Be advised that the following post contains definite spoilers mixed in with what amounts to my own guesswork about the upcoming next three episodes of "Prison Break", the Fox Network series that airs on Monday nights at 8:00 p.m. est. Following these next three episodes, the series is due to go on hiatus until sometime next spring.
But man, do these next three episodes ever promise to be a doozy. For one thing, we get to see Michael Scoffield (Wentworth Miller) display an unusual quantity of emotion as he starts to feel the weight of all the guilt for all he has inadverdently done in order to spring his wrongly convicted brother Lincoln Burrows (Dominic Purcell) from Fox River Prison, where he had been due to be executed for the murder of the brother of the Vice-President, and now President Reynolds (Patricia Wettig).
Among all these misgivings is the guilt he feels for the death of David "Tweener" Apolskis (Lane Garrisson), who was gunned down in cold blood by Special Agent Alexander Mahone (William Fichtner), who it turns out all along is not only a psycopathic killer in his own right, but is actually in leaque with the company and working under the direction of Agent Kellerman (Paul Adelstein), who, in tonights episode, is going to abduct Michaels lady love, Dr Sara Tancredi (Sara Wayne Callies), and subject her to an intense amount of torture and interrogation in order to get her to reveal what she knows about the whereabouts of Scoffield.
The problems he has already caused Sara is the main reason for the guilt Scoffield feels, as he caused her to lose her job at Fox River, return to being a junkie, almost caused her to be murdered, and caused her father, former Illinois Governor Tancredi, to be murdered as well.
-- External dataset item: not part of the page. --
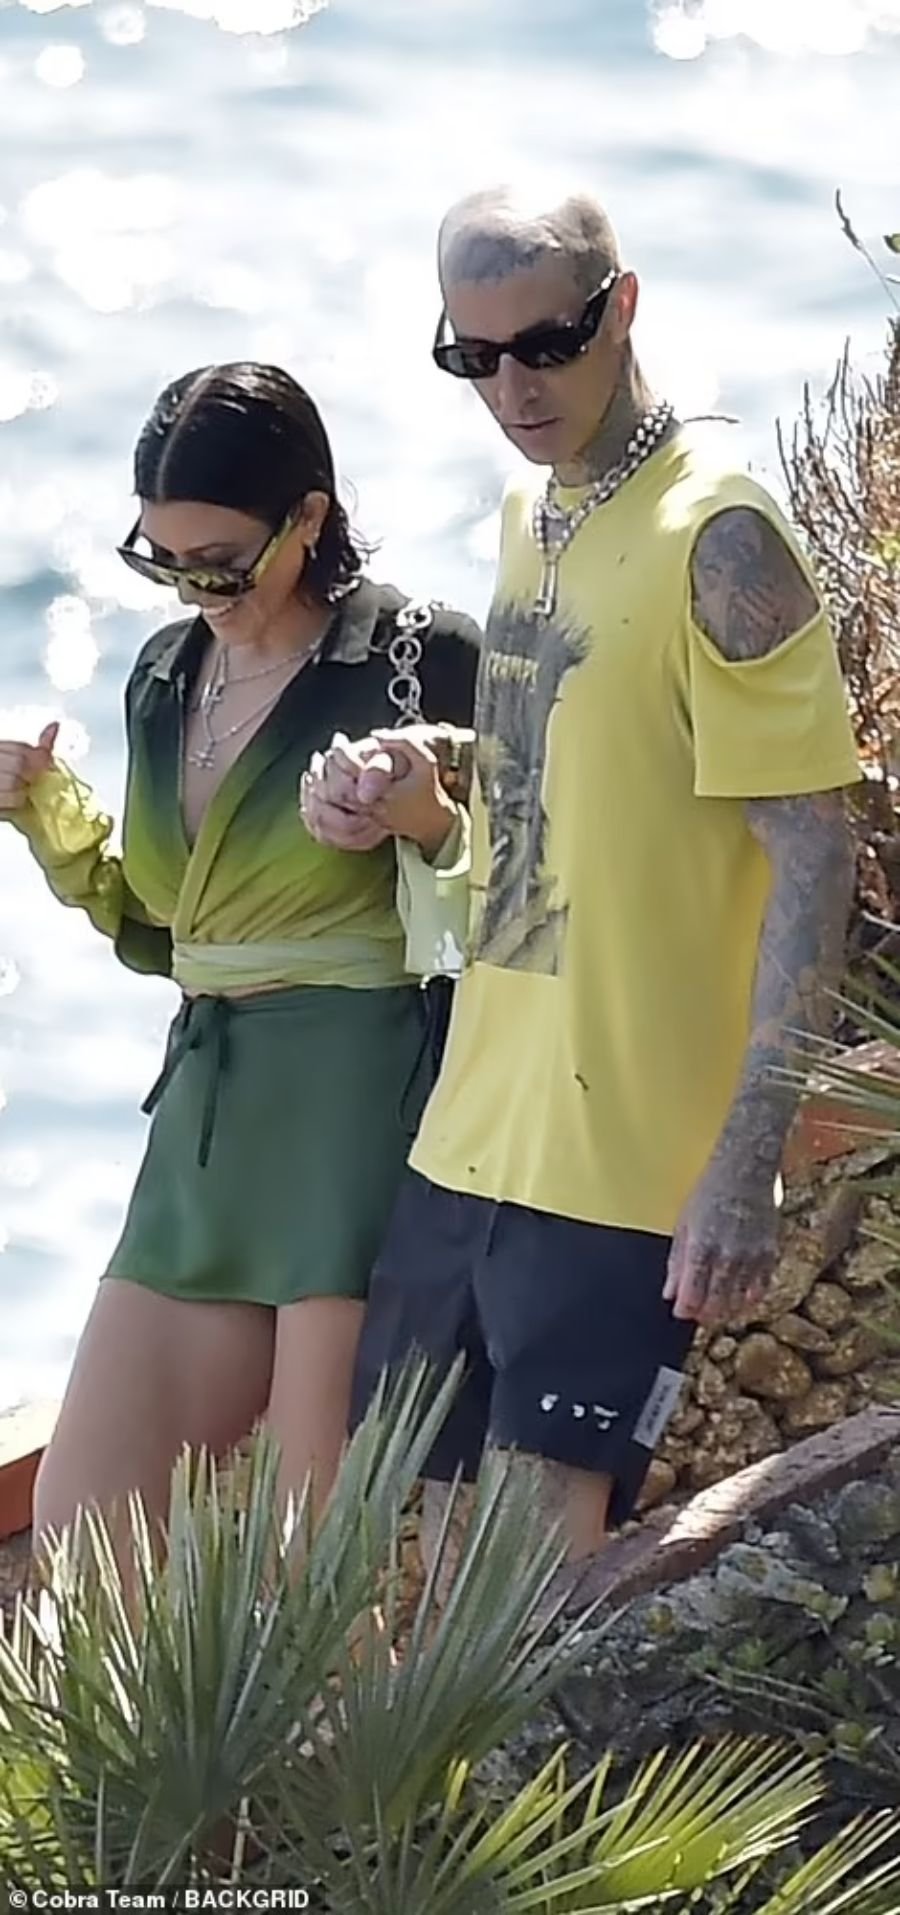 Kourtney Kardashian and Travis Barker on vacation in Italy - Passionate touches, bold poses
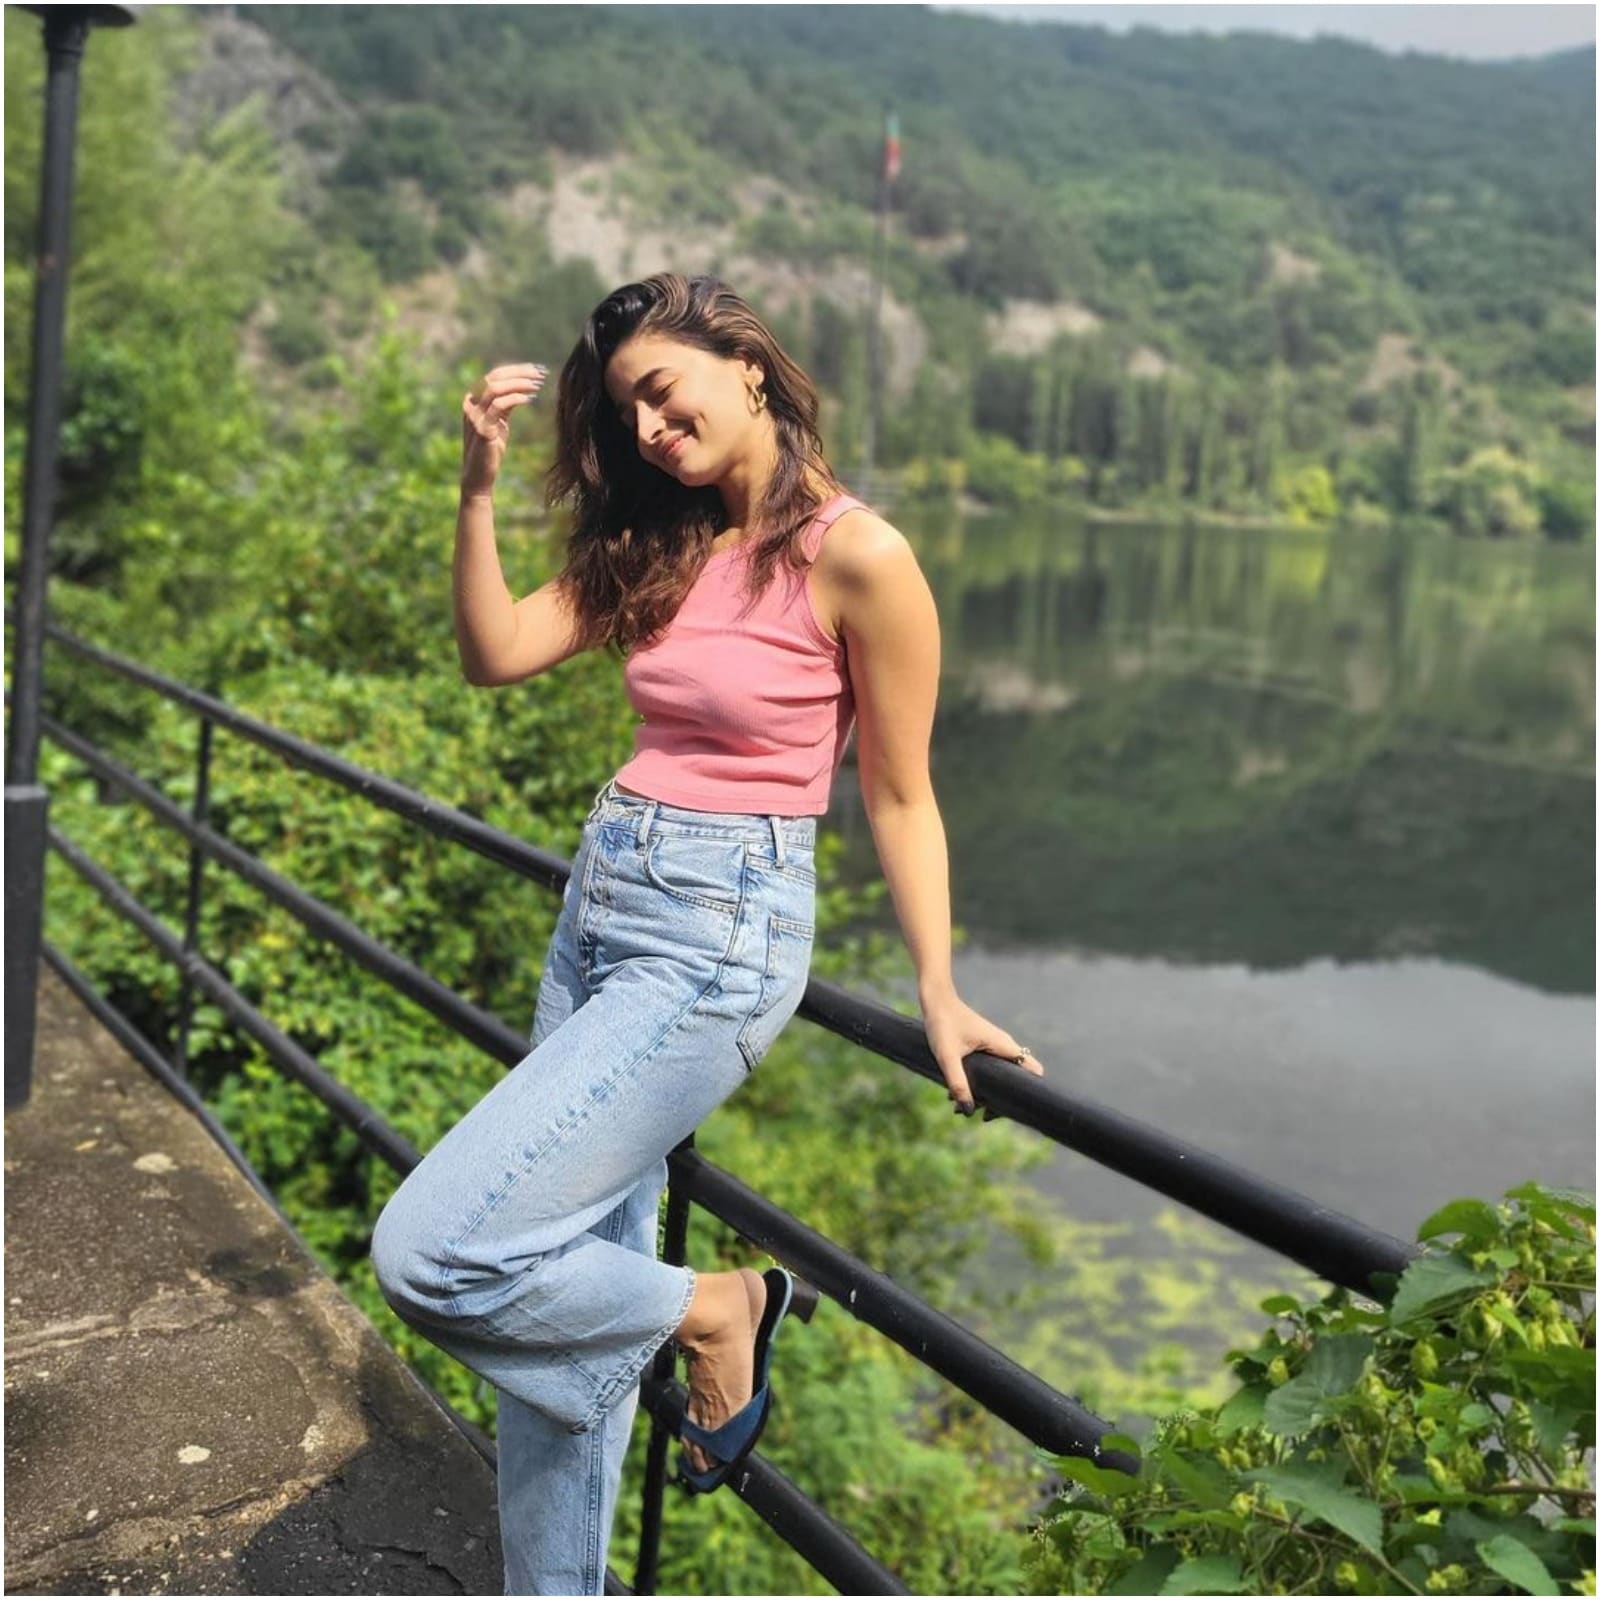 Alia Bhatt's latest outing makes denin-on-denim look good; how to ace the  combination

Then, there's Theodore "T-Bag" Bagwell (Robert Knepper), the head of a vicous prison gang of white supremacists, and convicted pedophile, kidnapper, rapist, and murderer, who horned in on the prison break once he inadverdently discovered the plans. Now, Michael blames himself for this creature being out on the streets. And, as if to rub salt in the wounds, T-Bag also abscounded with the five million dollars which had been buried under a silo in Toole Utah by now dead con Charles Westmoreland (Muse Watson), in reality famed skyjacker D.B. Cooper.
Michael had counted on this money as instrumental in helping him and Lincoln, along with Lincolns son LJ (Marshall Allman), escaping to fredom in Panama. But in the course of working with fellow convict Sucre (Amaurie Nulasco) to insure T-Bag was denied a part of the cash, T-Bag turned the tables and ended up with all the money.
But not for long. He was traced by ex-Fox River Prison guards Brad Bellick (Wade WIlliams, pictured above), and Roy Geary (Matt DeCaro), to the home of Susan Hollander, T-Bags ex-girlfriend who was actually the one who had turned him in upon seeing his face on an episode of America's Most Wanted. Unfortunately for him, by the time he made it to her old home in Tribune, Kansas, where he had promised her he would not forget what her front porch steps looked like, he discovered that Susan is inarguably the most intelligent of all the characters yet portrayed on this tense, gritty drama-she had long since abscounded.
Instead, he was greeted by Bellick and Geary, who knocked him out, tied him up, and began to tortued him in order to discover the whereabouts of the five million dollars. They started out by playing a tape, at full blast, of the old pop song, "Walking On Sunshine". This would be bad enough, but this seems to have been a device meant to drown out the agonized screams from the con when the real physical torture began, consisting of ripping out the sutures from his recently reattached left hand, and then pounding it with a meat tenderizer.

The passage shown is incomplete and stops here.